Reproduce the lines of the material exactly, excluding every image.

***** Stored data

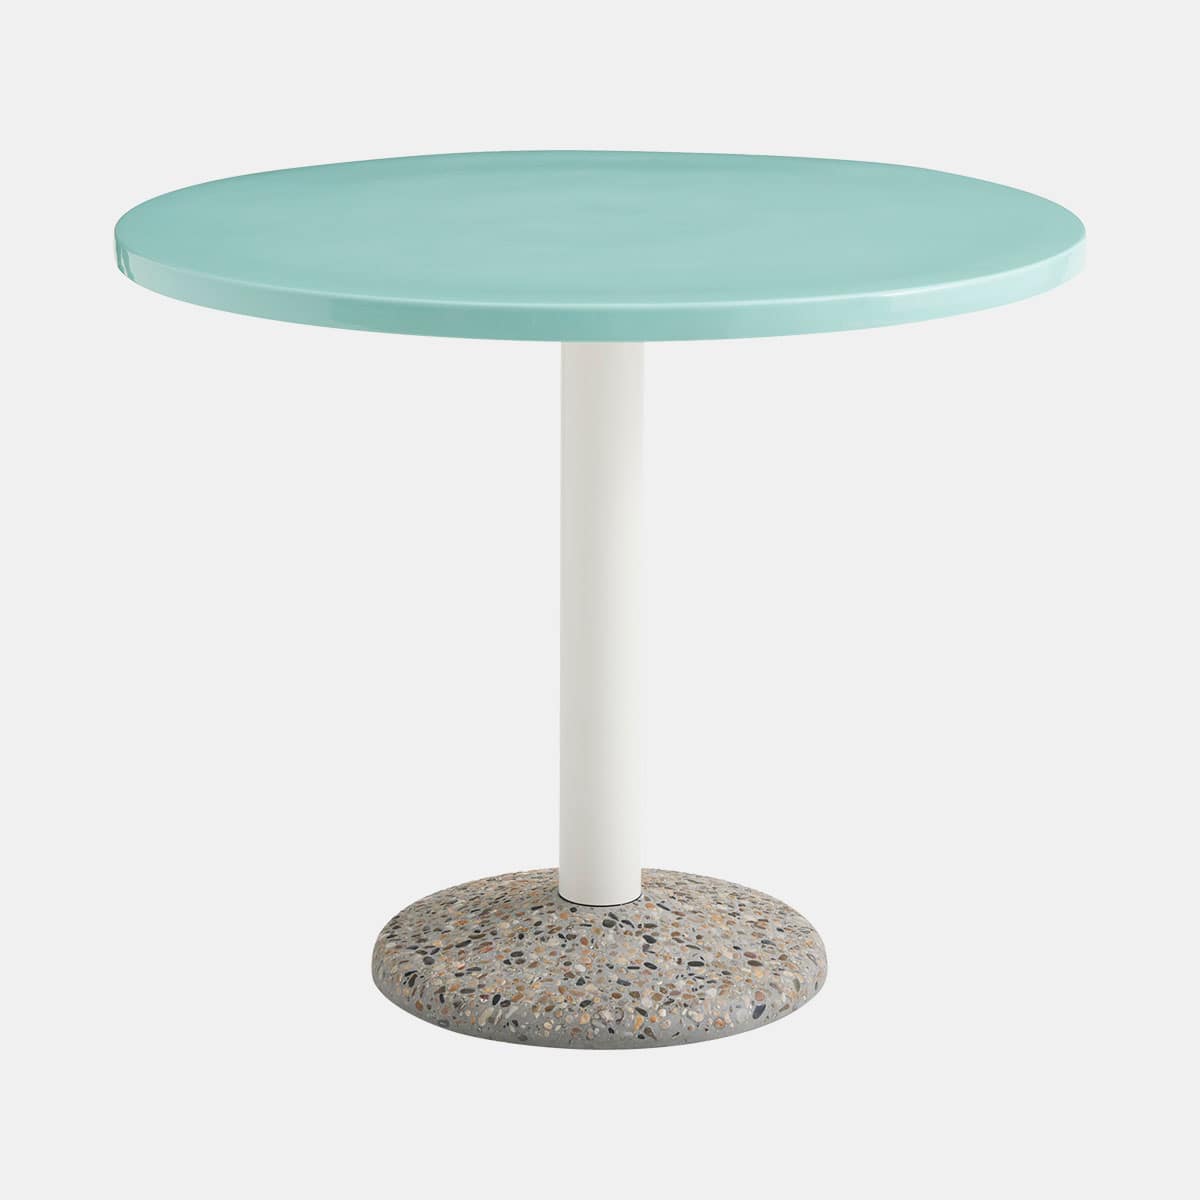 hay-muller-van-severen-ceramic-table-outdoor-90x74-light-mint-cream-white-concrete-001shop
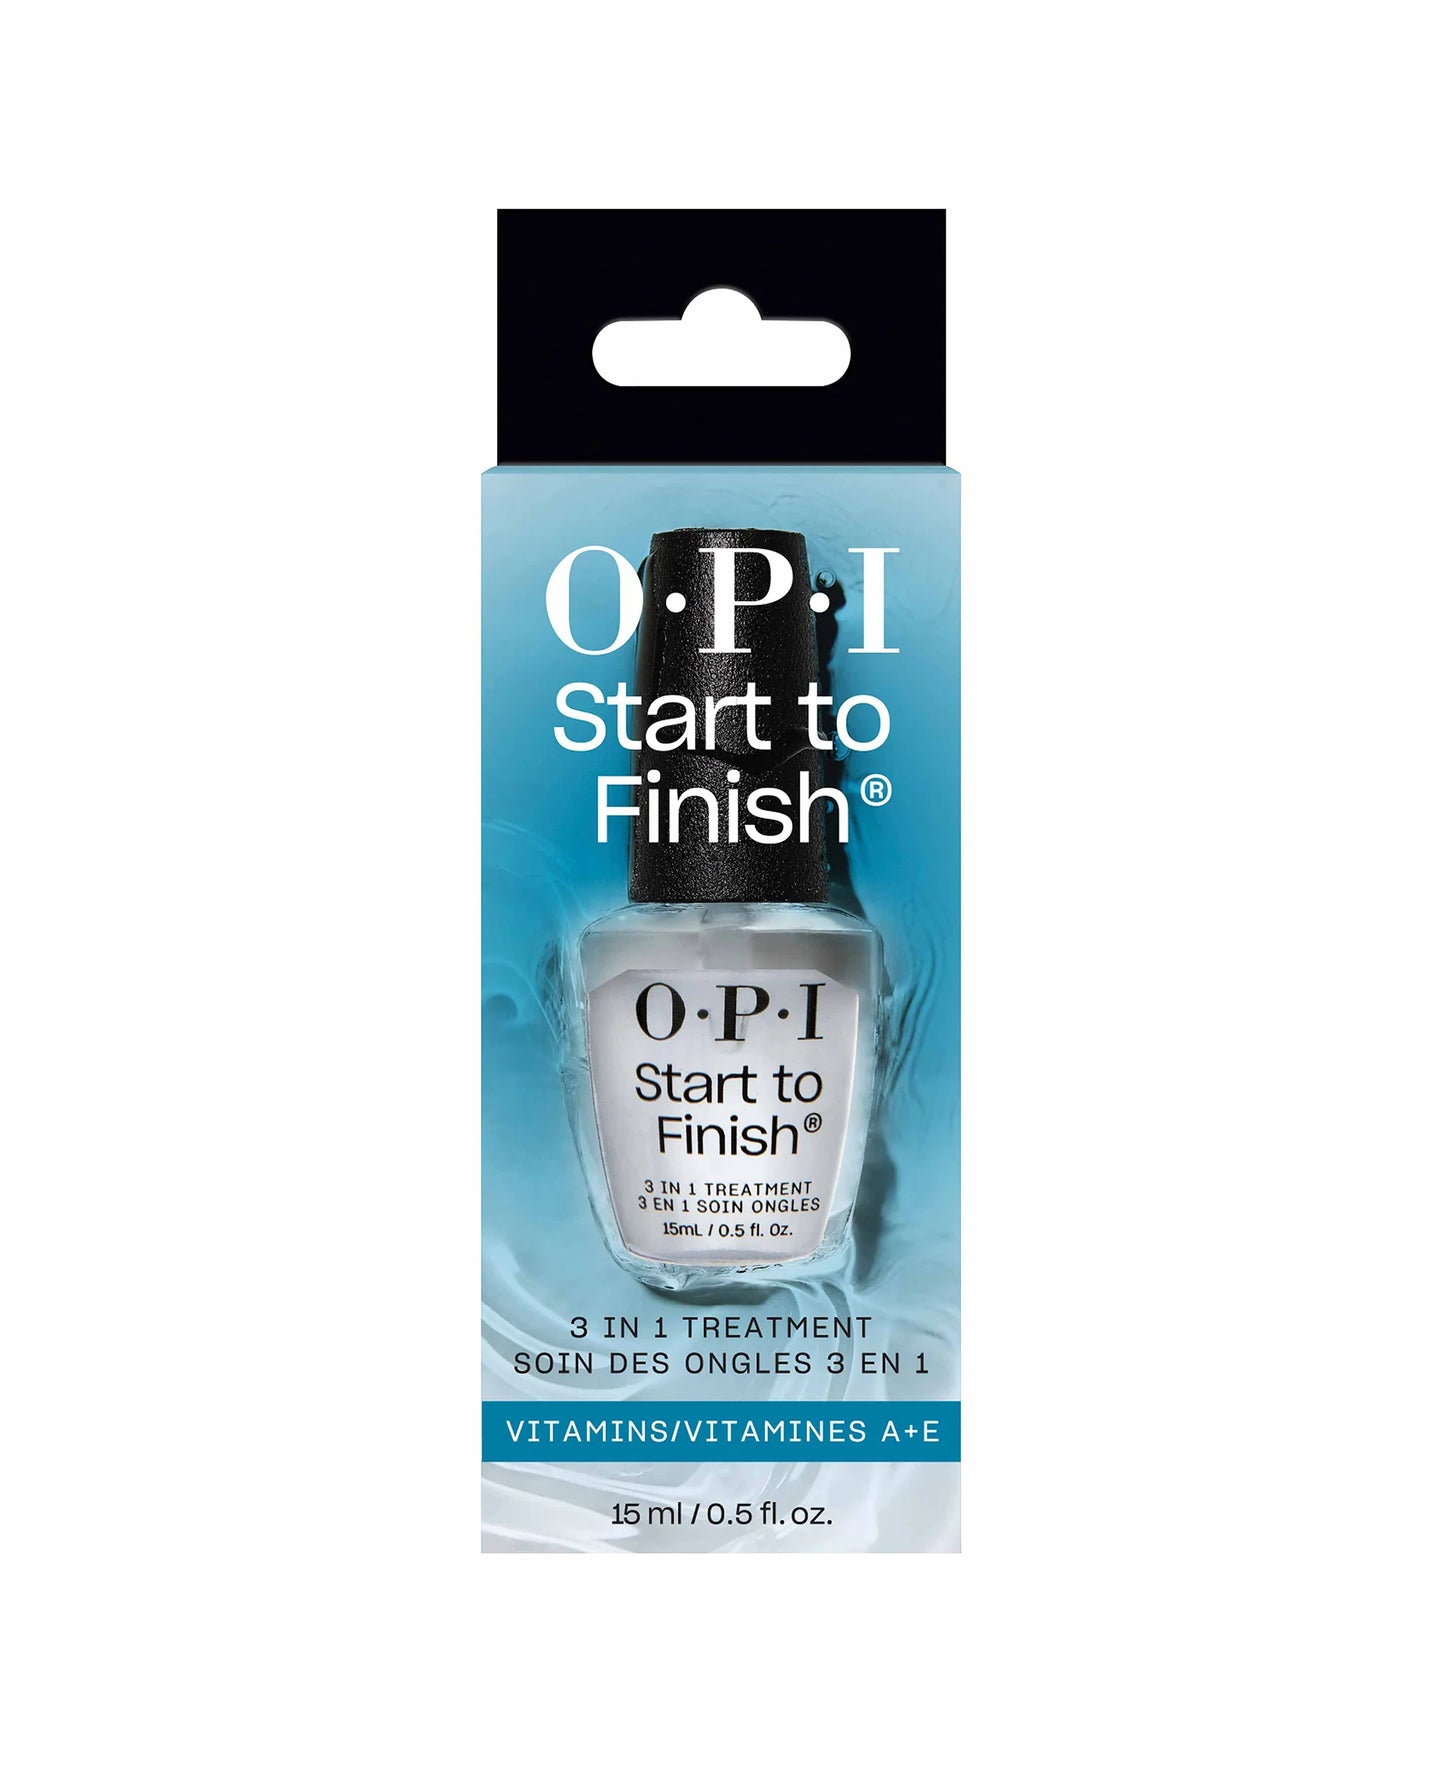 OPI Nail Polish Treatment, 3-in-1 Start to Finish Nail Formaldehyde Free Treatment, 0.5 Fl Oz
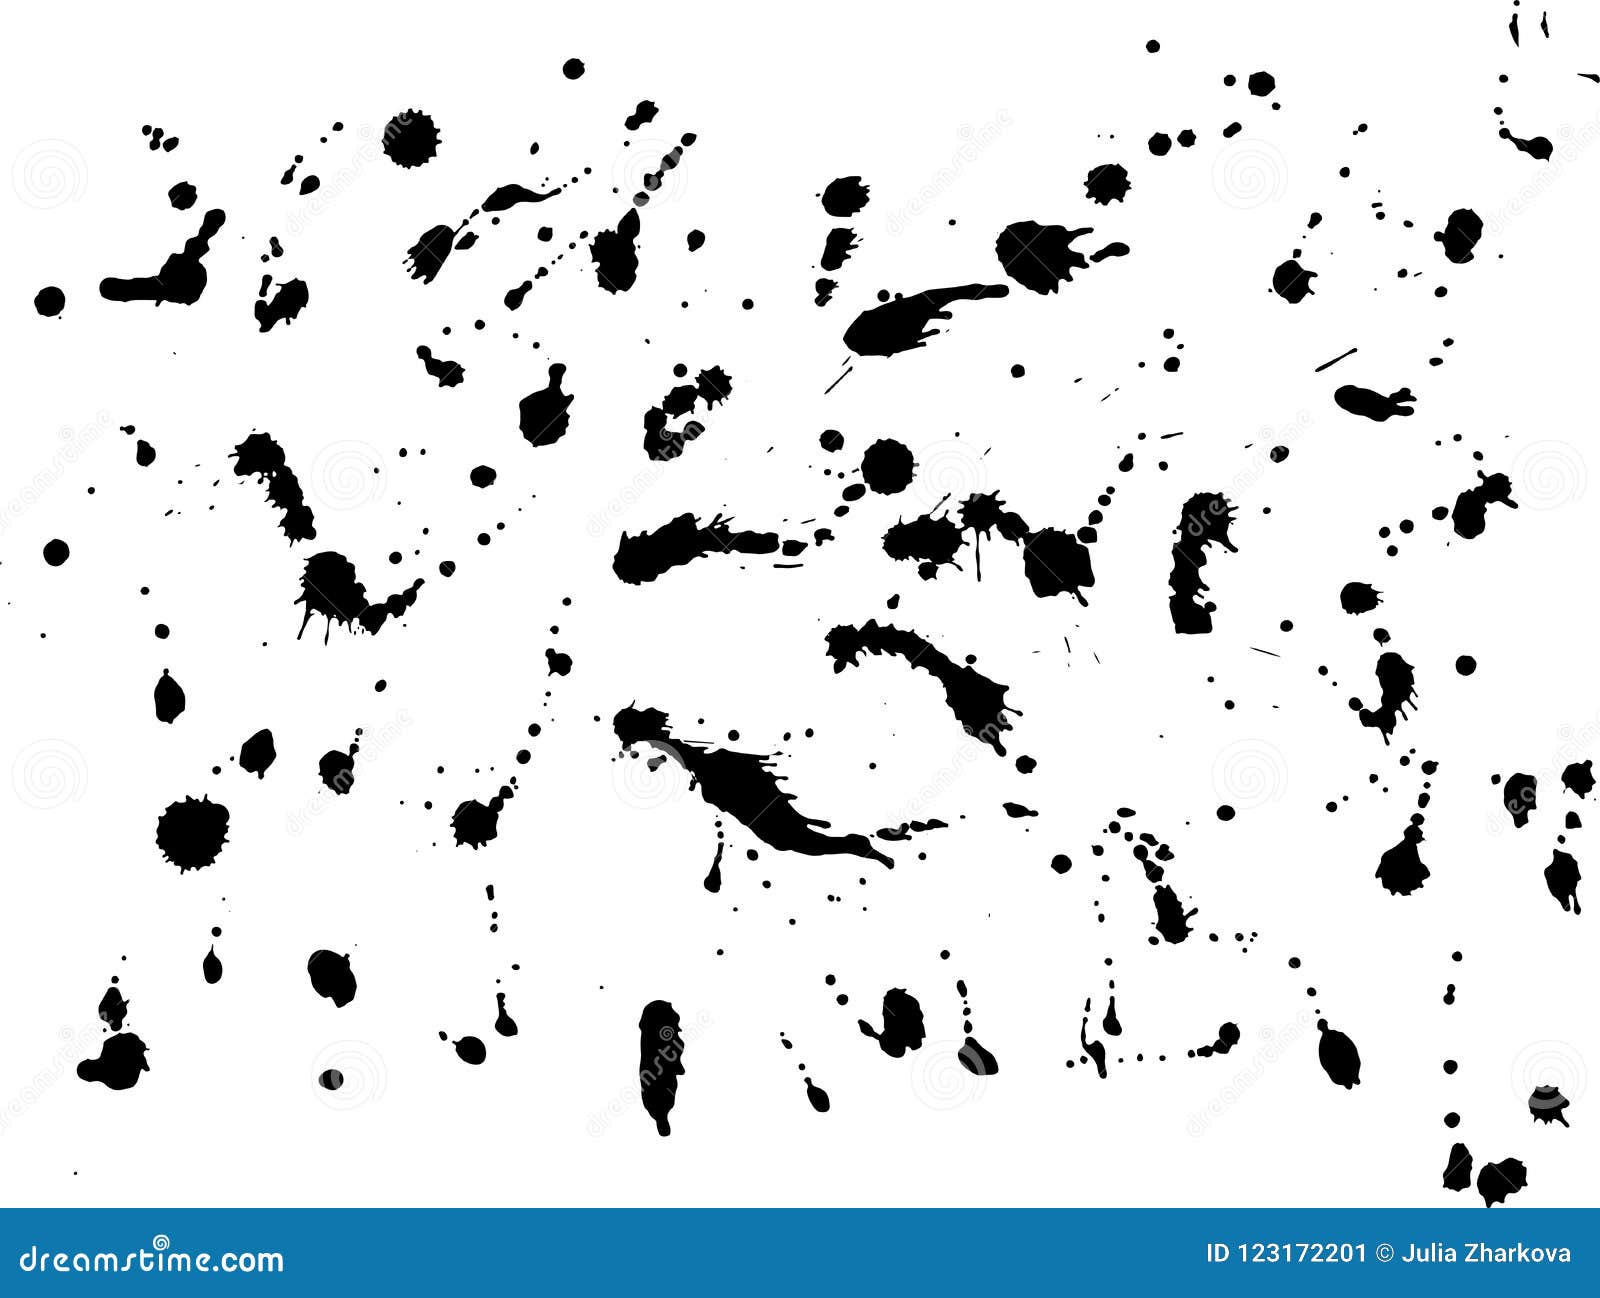 Messy Ink Blot, Black Drops on White Background. Vector Illustration ...

**********

_Reply to the task_:
 hay-muller-van-severen-ceramic-table-outdoor-90x74-light-mint-cream-white-concrete-001shop
 OPI Nail Polish Treatment, 3-in-1 Start to Finish Nail Formaldehyde Free Treatment, 0.5 Fl Oz
 Messy Ink Blot, Black Drops on White Background. Vector Illustration ...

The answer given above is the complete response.